Timecourse of TBI effect on DARPP-32 DAB immunoreactivity in rat striatum (N = 3 per group at each timepoint; boxes indicate area of higher power view shown below). Representative sections of rat striatum at 1 day and 2 weeks post injury showing no effect of TBI on DARPP-32 expression in either the DLStr or Nacc. Abbreviations: Ipsi = ipsilateral to injury; DL = dorsolateral; NAcc = nucleus accumbens.

Fig. 3

Representative microscopic photos (N = 4 per group) of double-labeled immunofluorescent staining for p-DARPP-32-Thr34 (red, Alexa Fluor 594), and neuronal marker NeuN (green, Alexa 488) visually illustrates that TBI causes a decreased expression of p-DARPP-32-Thr34 in the ipsilateral dorsolateral striatum compared to the sham controls in rats. (For interpretation of the references to color in this figure legend, the reader is referred to the web version of this article.)

Fig. 4

Analysis of protein phosphatase-1 (PP-1) activity in homogenized rat striatum. There is a significant increase in PP-1 activity in both the contralateral (N = 6/group; p < 0.01; ANOVA) and ipsilateral (N = 6/group; p < 0.01; ANOVA) striatum compared to sham at 1 day post injury.
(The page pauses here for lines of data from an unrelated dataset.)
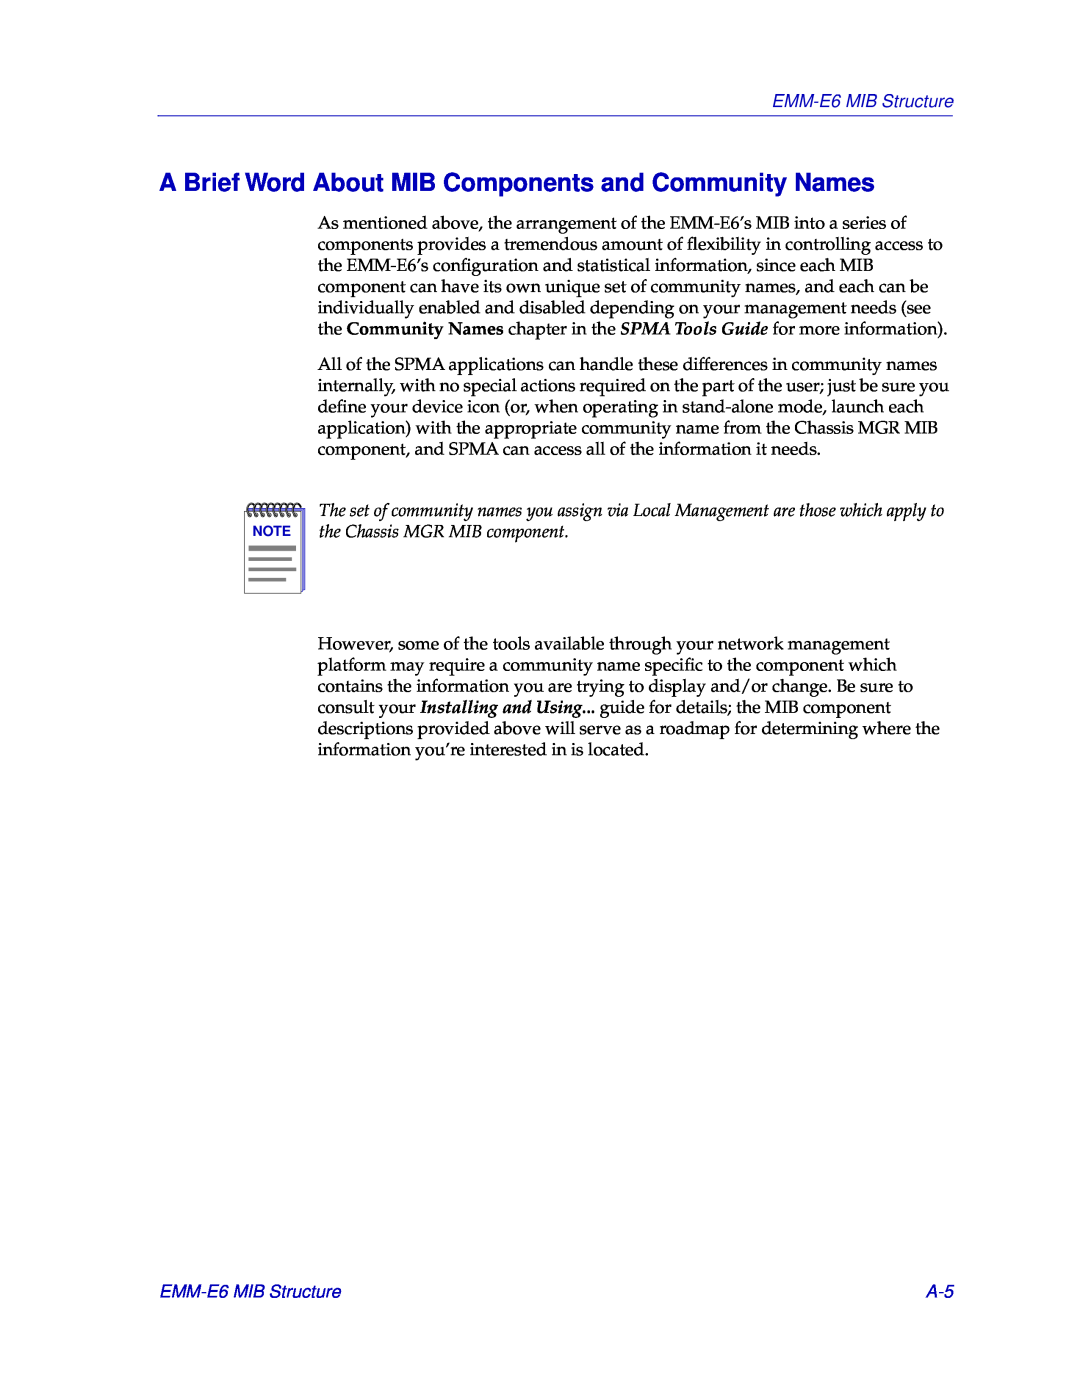 Cabletron Systems manual A Brief Word About MIB Components and Community Names, EMM-E6 MIB Structure 
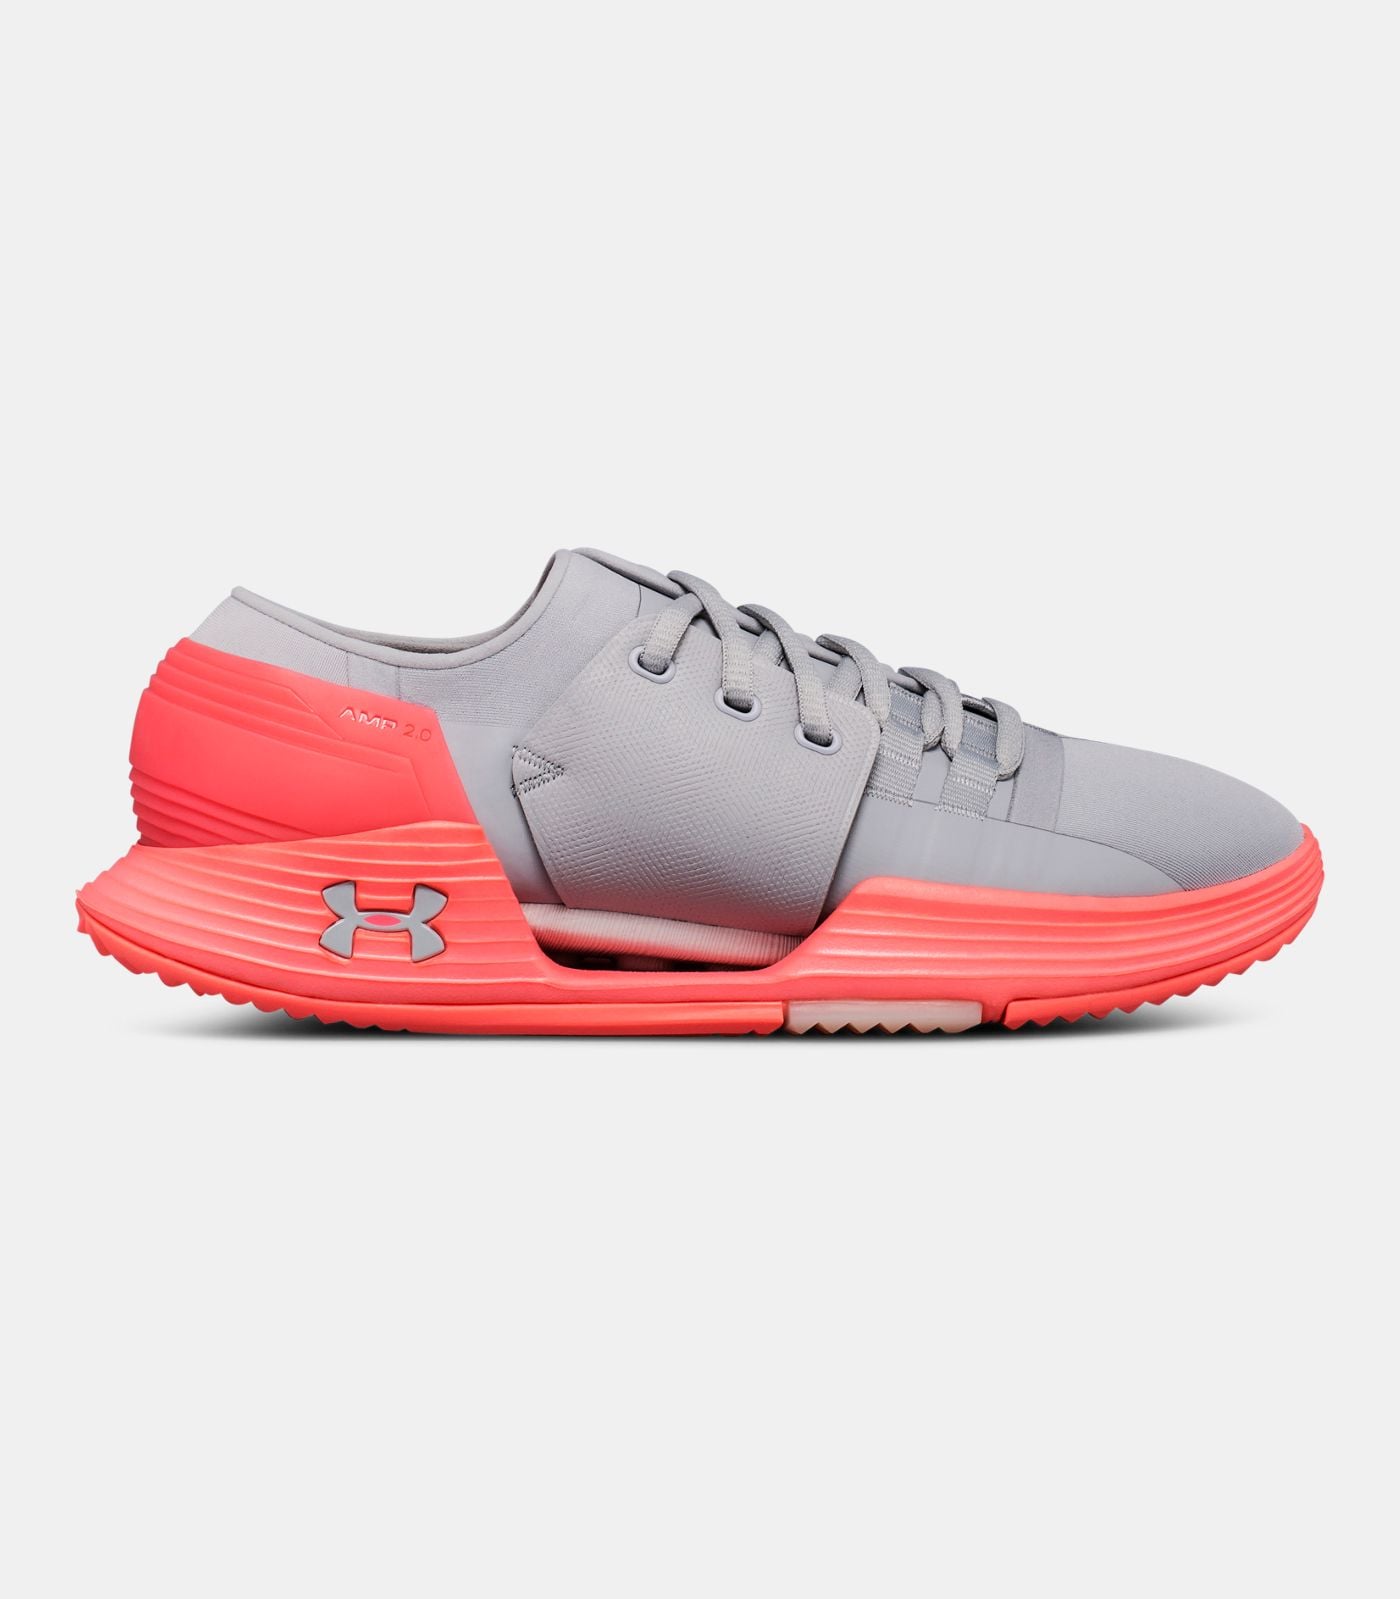 Buy > under armour essential sportstyle shoes > in stock
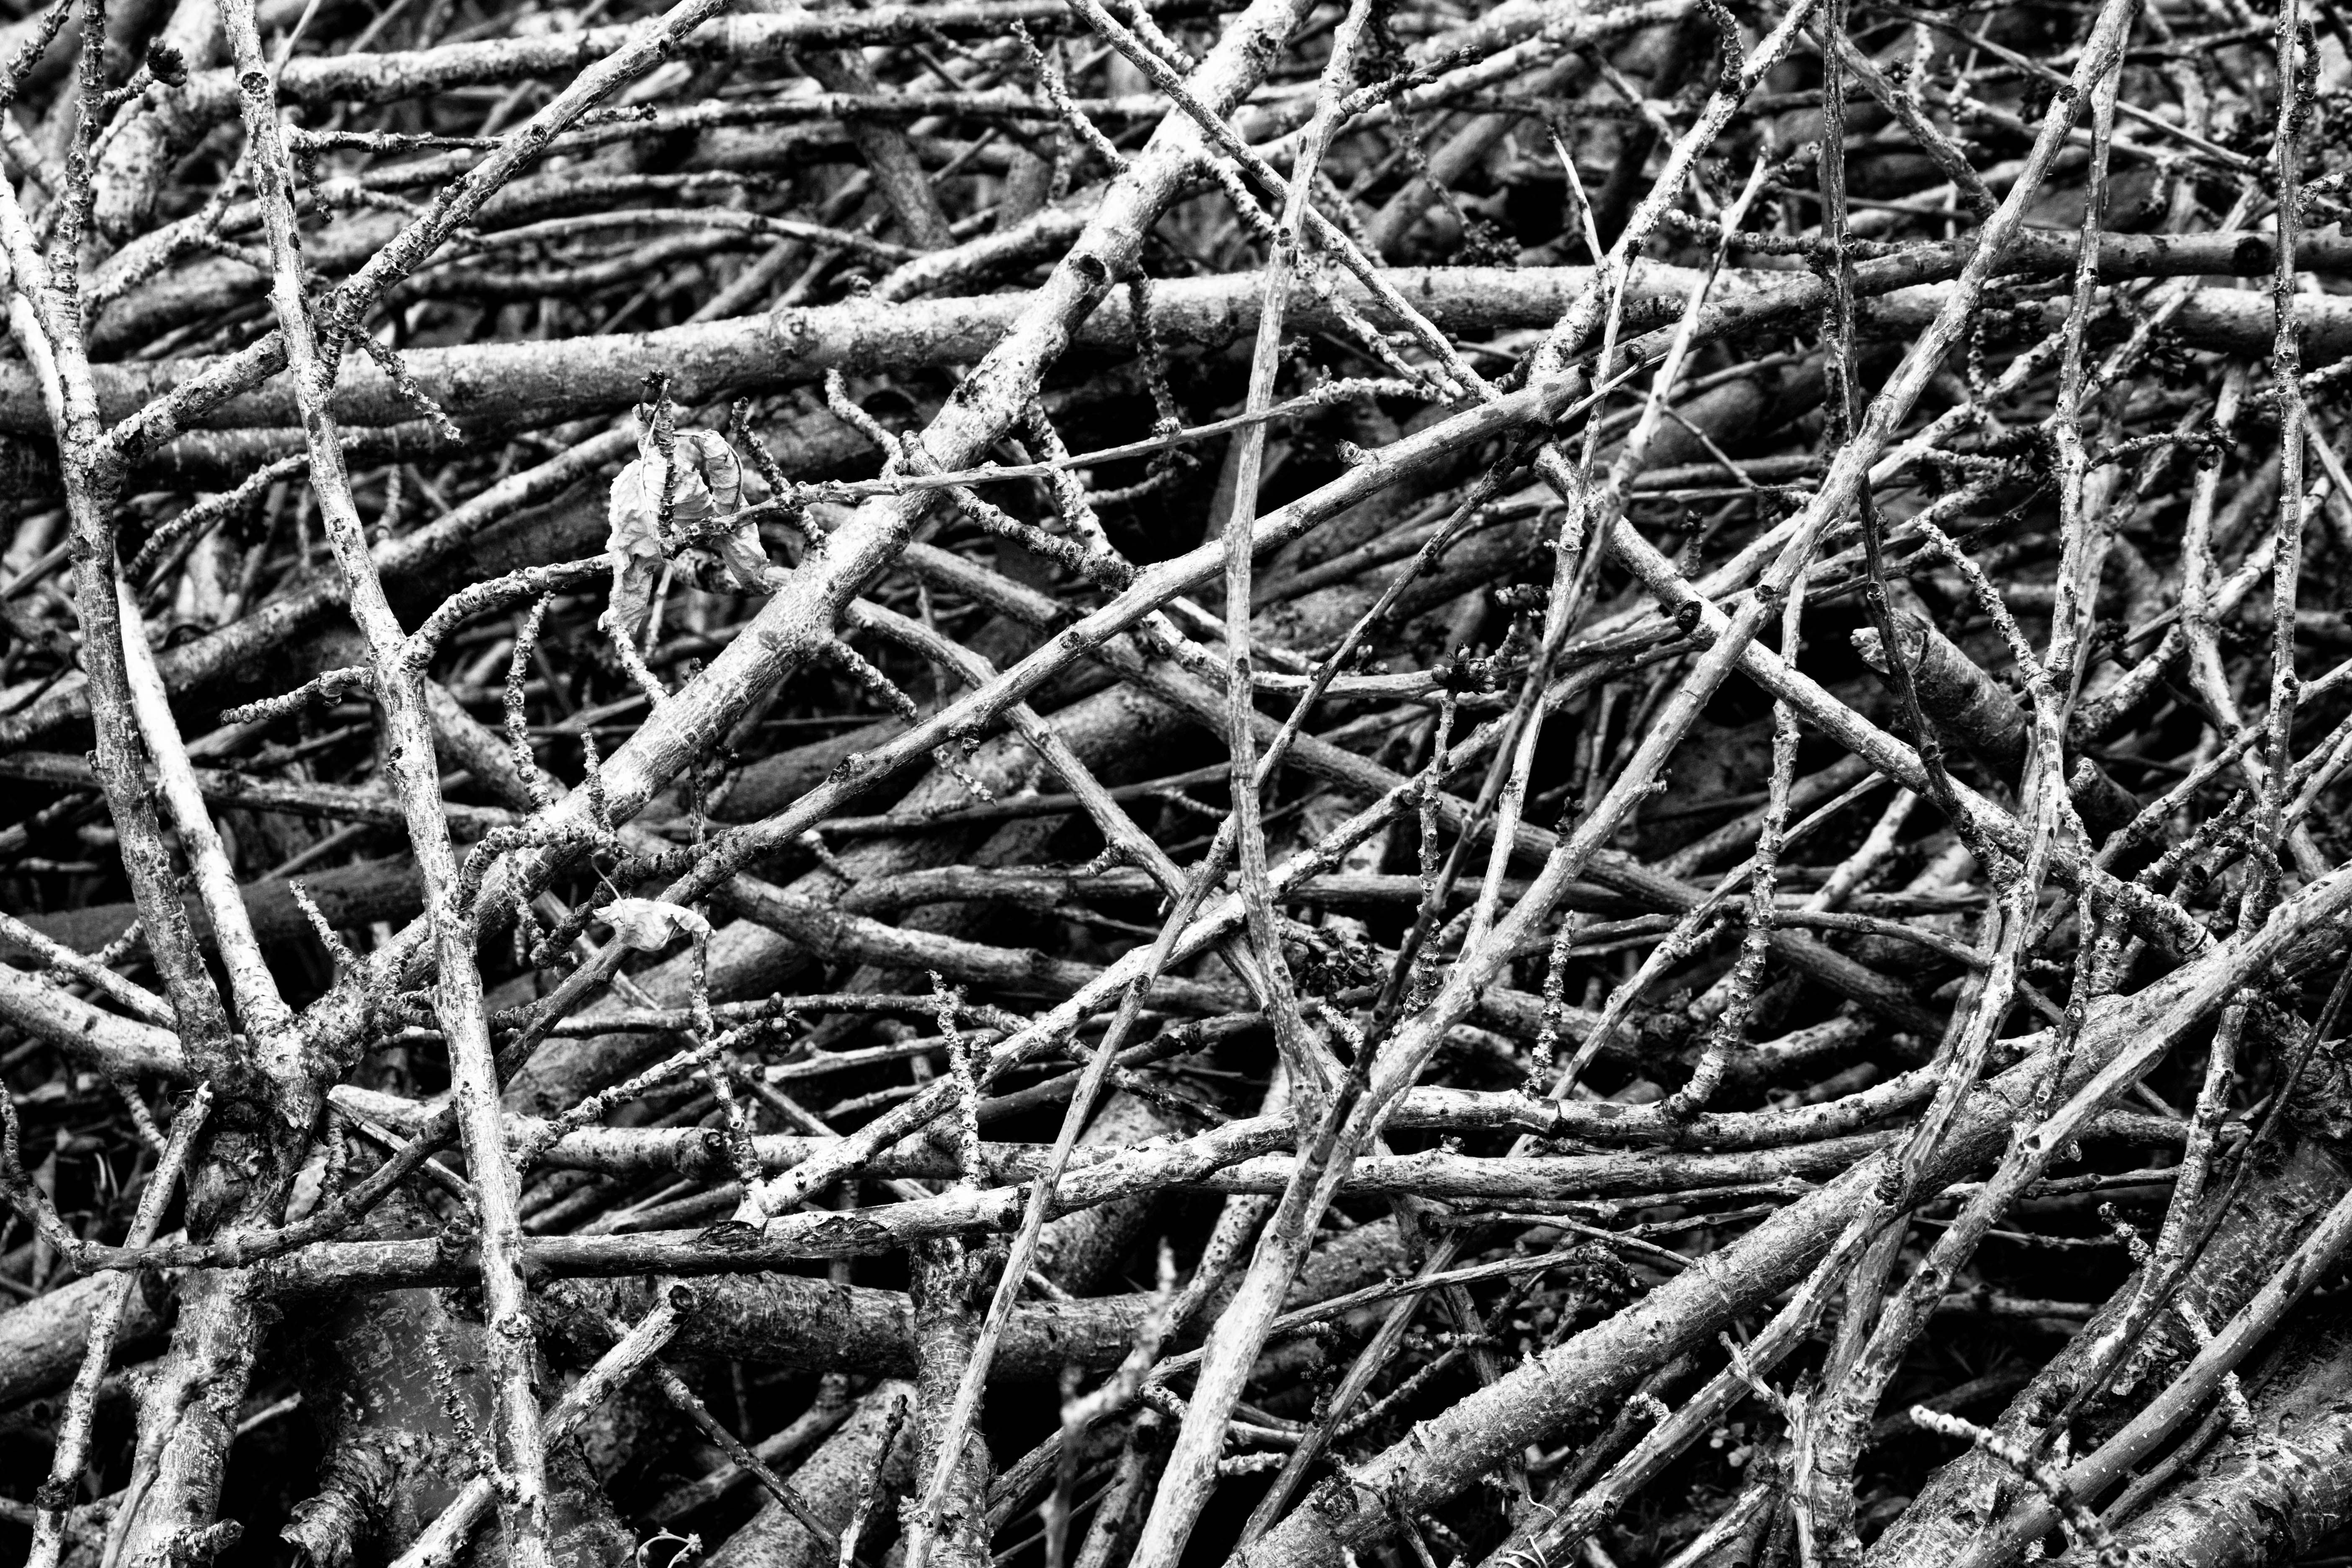 abstract tree branches - Google Search | Texture | Pinterest
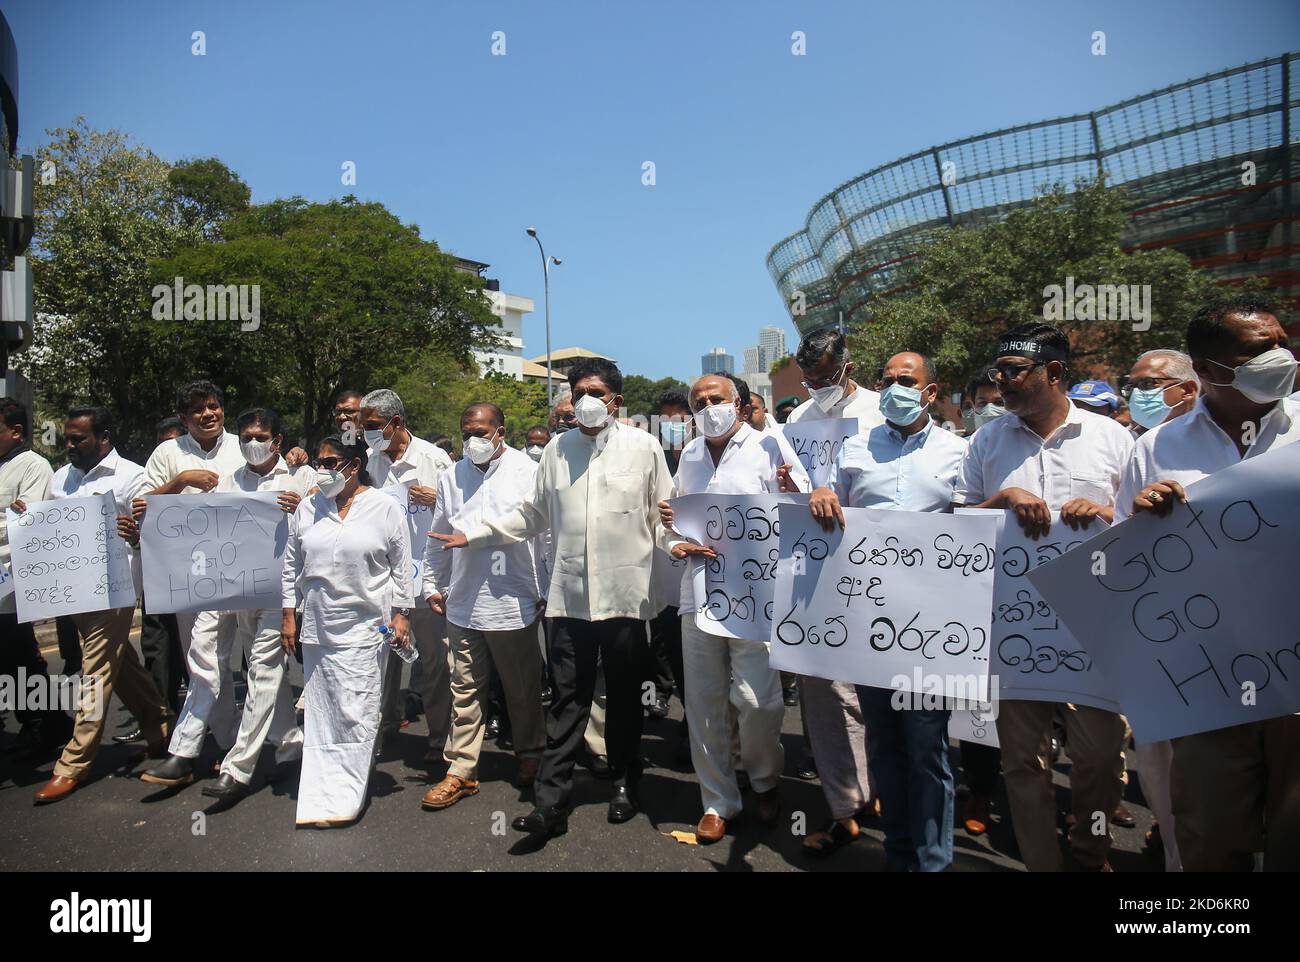 Sri Lanka's main opposition leader Sajith Premadasa (C) and other members of the Samagi Jana Balawewa staged a protest march in Colombo on April 3, 2022, against the imposition of a nationwide curfew. Protests against the island's deepening economic crisis were blocked by security forces. (Photo by Pradeep Dambarage/NurPhoto) Stock Photo

By 2 weeks post injury there remains a significant increase in PP-1 activity in the ipsilateral (N = 6/group; p < 0.01; ANOVA) striatum compared to sham. Increases in PP-1 activity are consistent with decreases in p-DARPP-32-T34. Data represents means ± S.E.M.

Fig. 5

Analysis of AMH effects on DARPP-32 signaling post TBI. A, representative western blot of ipsilateral striatum following 2 weeks of 10 mg/kg i.p. AMH on p-DARPP-32-Thr34, p-DARPP-32-Thr75, and β-actin control. B, C, optical density of p-DARPP-32-Thr34 and p-DARPP-32-Thr75. (N = 6/group; p < 0.01 following normalization to β-actin compared to TBI with vehicle; ANOVA). Data represented as a percentage of sham following normalization to β-actin ± S.E.M. D, Effect of chronic AMH (10 mg/kg i.p. daily) on striatal PP-1 activity. Consistent with higher p-DARPP-32-Thr34 levels, following chronic AMH administration there is a relative reduction in PP-1 activity compared to TBI with vehicle. (N = 6/group; p < 0.01; ANOVA). Data represents means ± standard deviation. Abbreviations: AMH = amantadine hydrochloride, DARPP-32 = dopamine and cAMP regulated phosphoprotein 32; TBI = traumatic brain injury.